Ensuite, la réduction de capital est susceptible de constituer un abus fiscal (article 344,§1er du CIR). L'application de cette mesure anti-abus n'est pas à prendre à la légère : elle pourrait conduire à la requalification de la réduction de capital libéré en dividende taxable. Le Service des Décisions Anticipées (SDA), également dénommé "commission des rulings", est régulièrement amené à se prononcer sur l'application de la mesure anti-abus à des opérations de réduction de capital. Plusieurs enseignements pratiques peuvent être tirés de l'analyse de ces décisions anticipées.
a. Réduction de capital consécutive à une plus-value interne
Force est de reconnaître qu'une opération de réduction de capital est particulièrement susceptible d'abus fiscal lorsqu'elle est consécutive à un montage de plus-value interne. Est particulièrement visée l'opération suivante. Une personne physique apporte une participation dans une société opérationnelle à une société holding qu'elle contrôle, en réalisant une plus-value ("step up "). La société opérationnelle distribue ensuite (en partie) ses liquidités sous forme d'un dividende à la société holding.
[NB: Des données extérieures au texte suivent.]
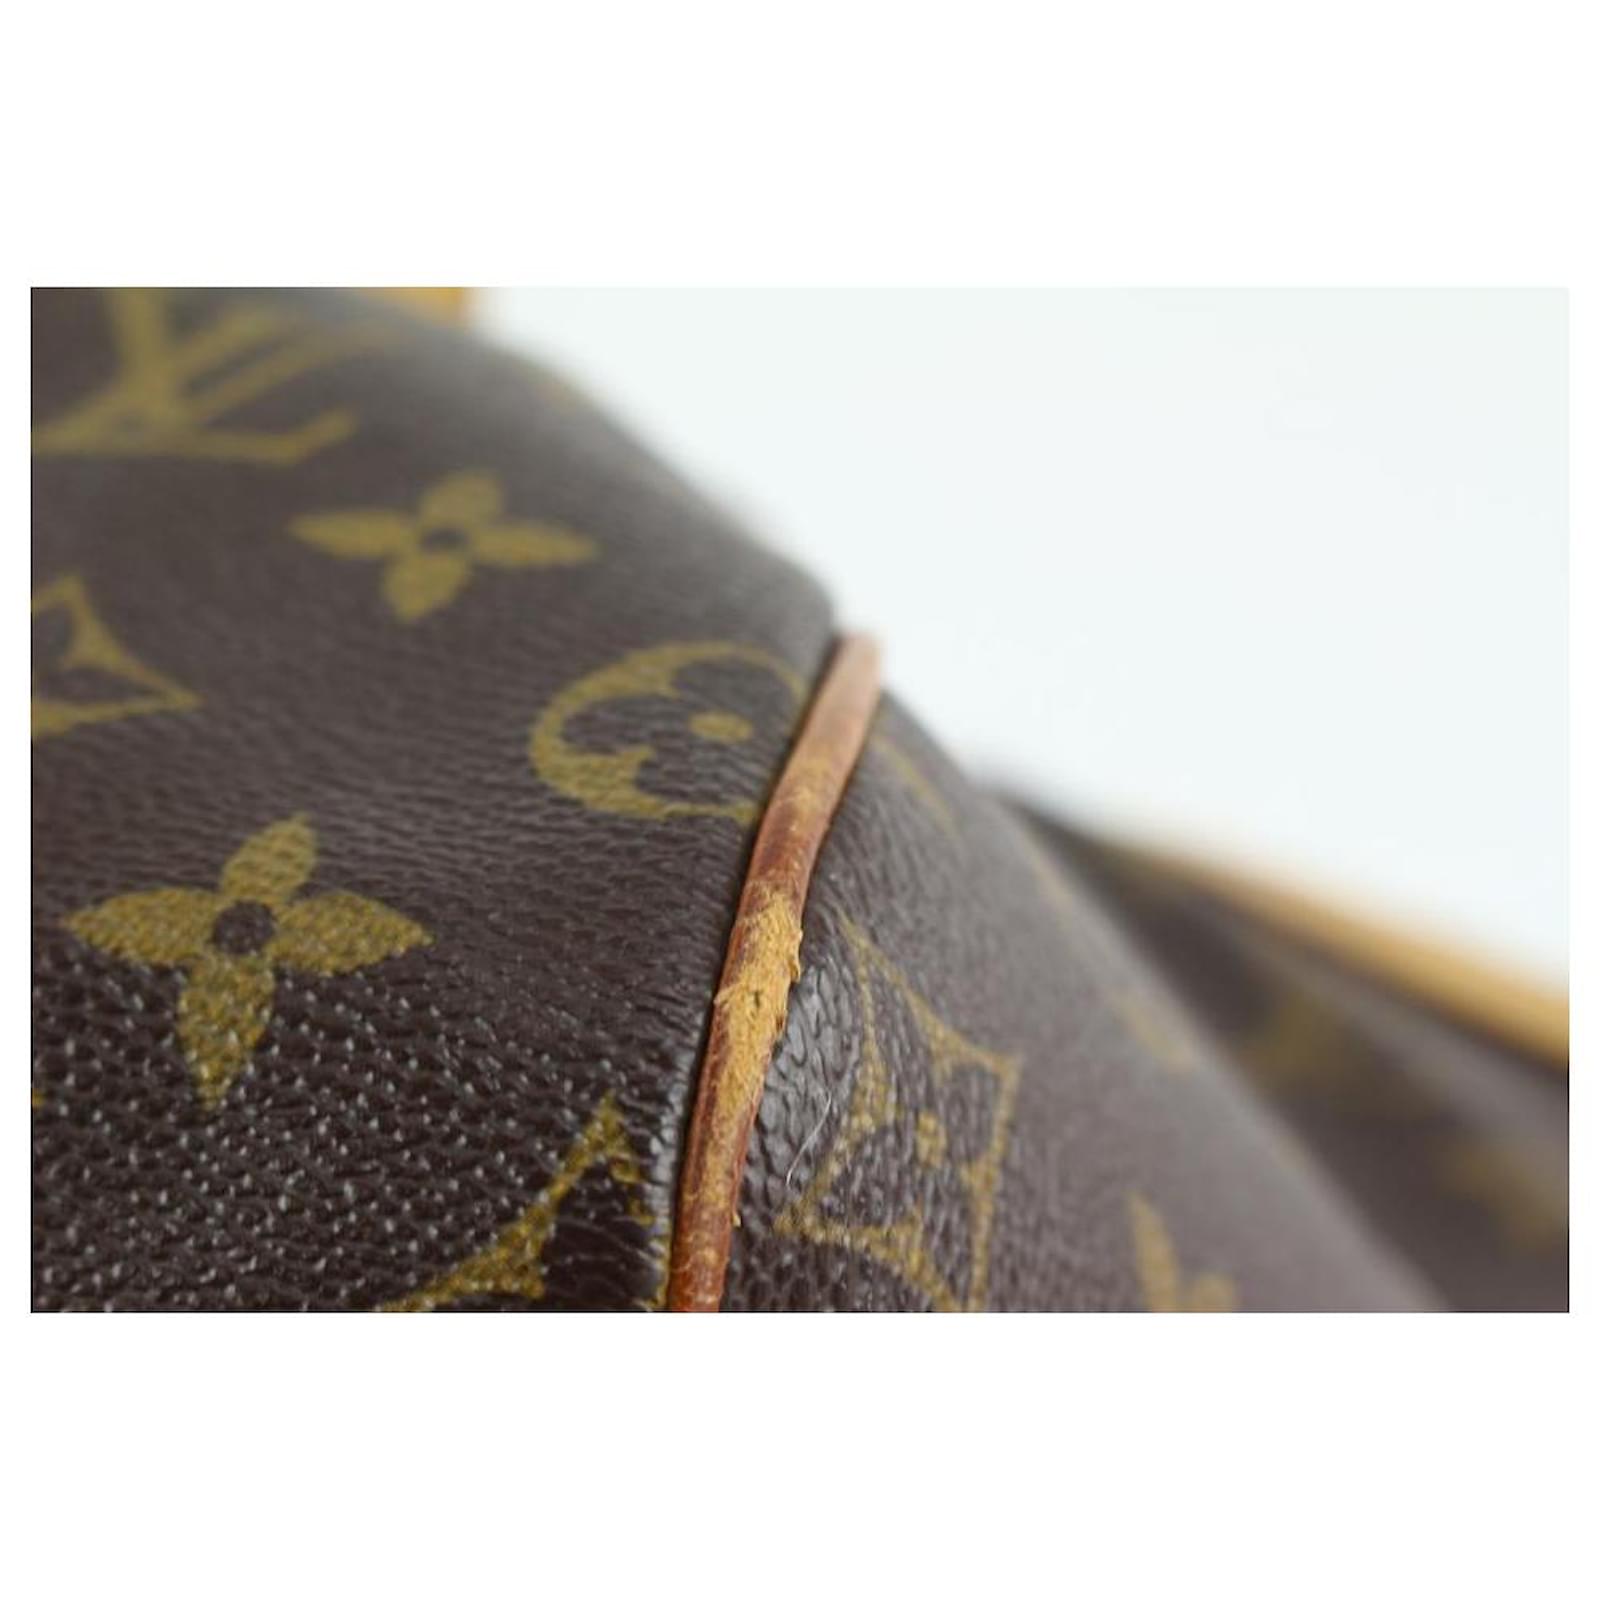 Louis Vuitton Monogram Canvas Tivoli GM Bag (Discontinued)

Dès lors que la holding détient 10% des actions de la société opérationnelle pendant un an, ce dividende sera exonéré de précompte mobilier et déductible à hauteur de 100% (depuis 2018) à titre de revenus définitivement taxés (régime des "RDT") chez la holding. La holding procède ensuite à une réduction de capital libéré avec remboursement aux actionnaires, en exonération d'impôt. Lorsque le montage poursuit un objectif purement fiscal (éviter le précompte mobilier sur les distributions de dividendes de la société opérationnelle), le risque d'application de l'article 344,§1er du CIR est réel.
On précisera au passage que si une "plus-value interne" a été réalisée par le biais d'un apport d'actions après le 1er janvier 2017, une éventuelle réduction de capital ultérieure ne pourra plus être effectuée en exonération d'impôt, en vertu d'une mesure spécifique introduite fin 2016 (article 184,§3 du CIR).
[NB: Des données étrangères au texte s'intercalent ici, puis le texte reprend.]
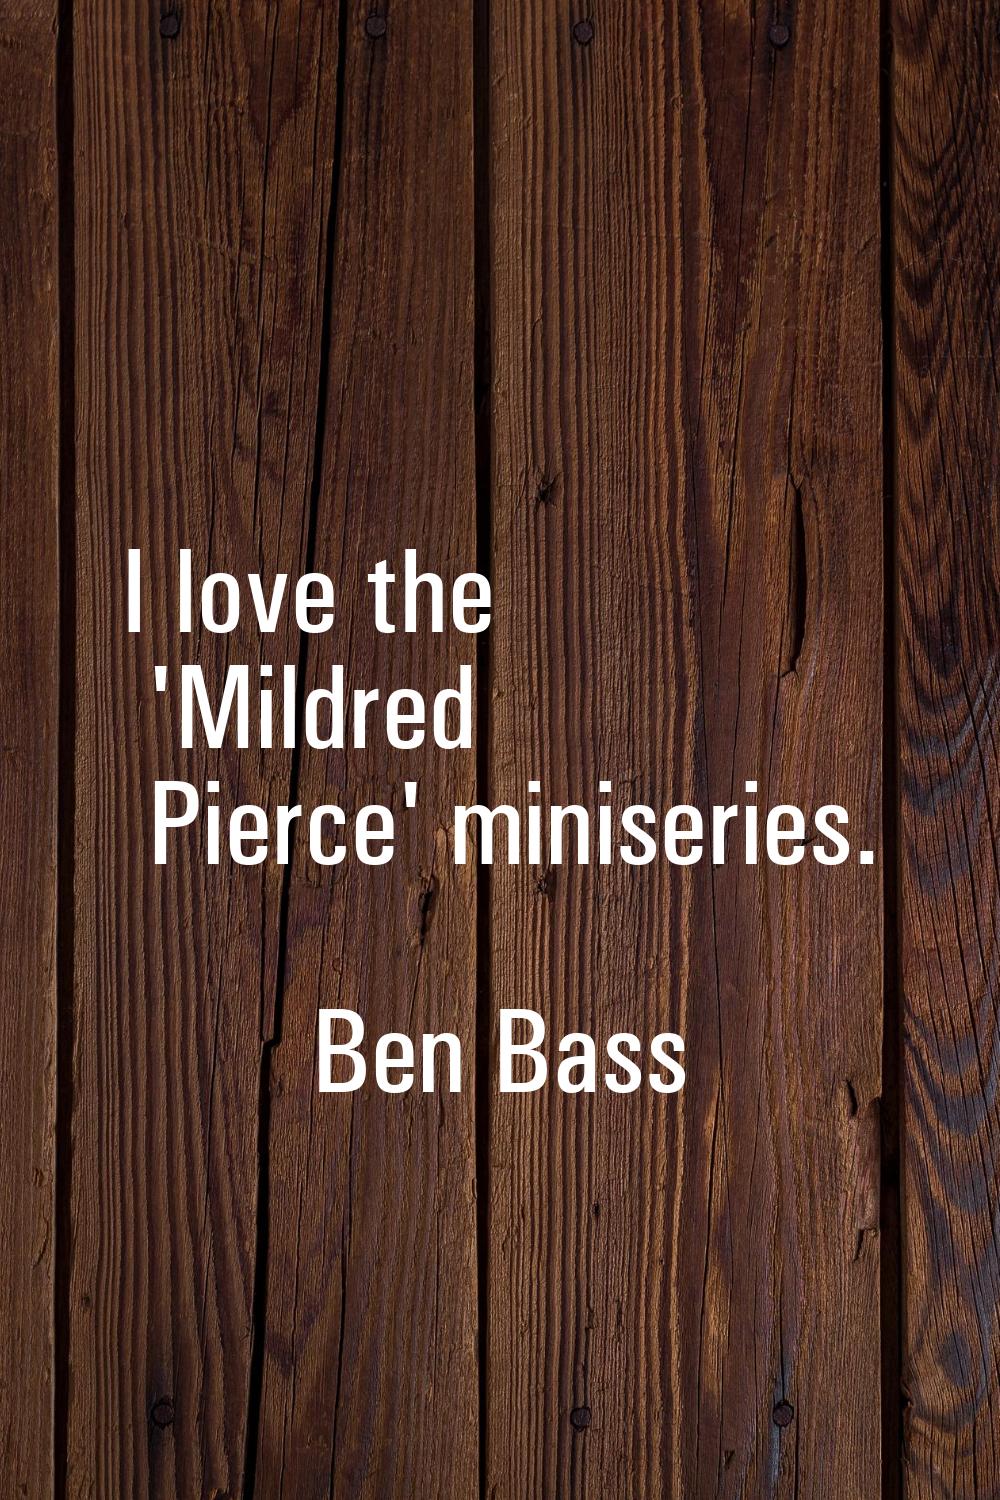 I love the 'Mildred Pierce' miniseries.

b. Réduction de capital comptabilisée en compte-courant
Aux yeux du fisc, le fait que le montant de la réduction de capital soit comptabilisé en compte-courant pourrait également constituer un élément négatif. Ainsi, dans le cadre de l'appréciation de l'application de la mesure anti-abus, le SDA examine fréquemment la manière avec laquelle une réduction de capital est financée.
À titre illustratif, dans un ruling du 6 juin 2017, le SDA a considéré qu'une réduction de capital n'était pas constitutive d'abus, en se reposant notamment sur les éléments suivants :
- le financement de la réduction de capital par la vente de placements (actions, obligations, parts d'OPC, etc.) ne rapportant pas un rendement suffisant ;
- l'absence de recours à l'endettement pour financer la réduction de capital, de sorte que l'opération n'aura pas un effet négatif sur le ratio de solvabilité (dette/fonds propre) de la société.
On peut se demander si sa conclusion aurait été la même si la réduction de capital avait été comptabilisée au compte-courant des actionnaires...
Il ne faut pas semer la panique : toute réduction de capital comptabilisée en compte-courant n'est pas nécessairement constitutive d'abus fiscal. Tout est question d'espèce et de mesure. Ceci étant dit, pour conforter son dossier en cas de discussion avec le fisc, il pourrait être conseillé de procéder à un remboursement effectif rapide (après la période d'attente de deux mois) de la réduction de capital aux actionnaires.
Il est piquant de constater qu'au Luxembourg, une réduction de capital non assortie de motivations économiques sérieuses est requalifiée de dividende, passible de la retenue à la source (15%). En pratique, on considère que les motivations économiques sérieuses font défaut lorsque la société dispose de réserves disponibles ou... lorsque la réduction de capital est financée par voie d'endettement.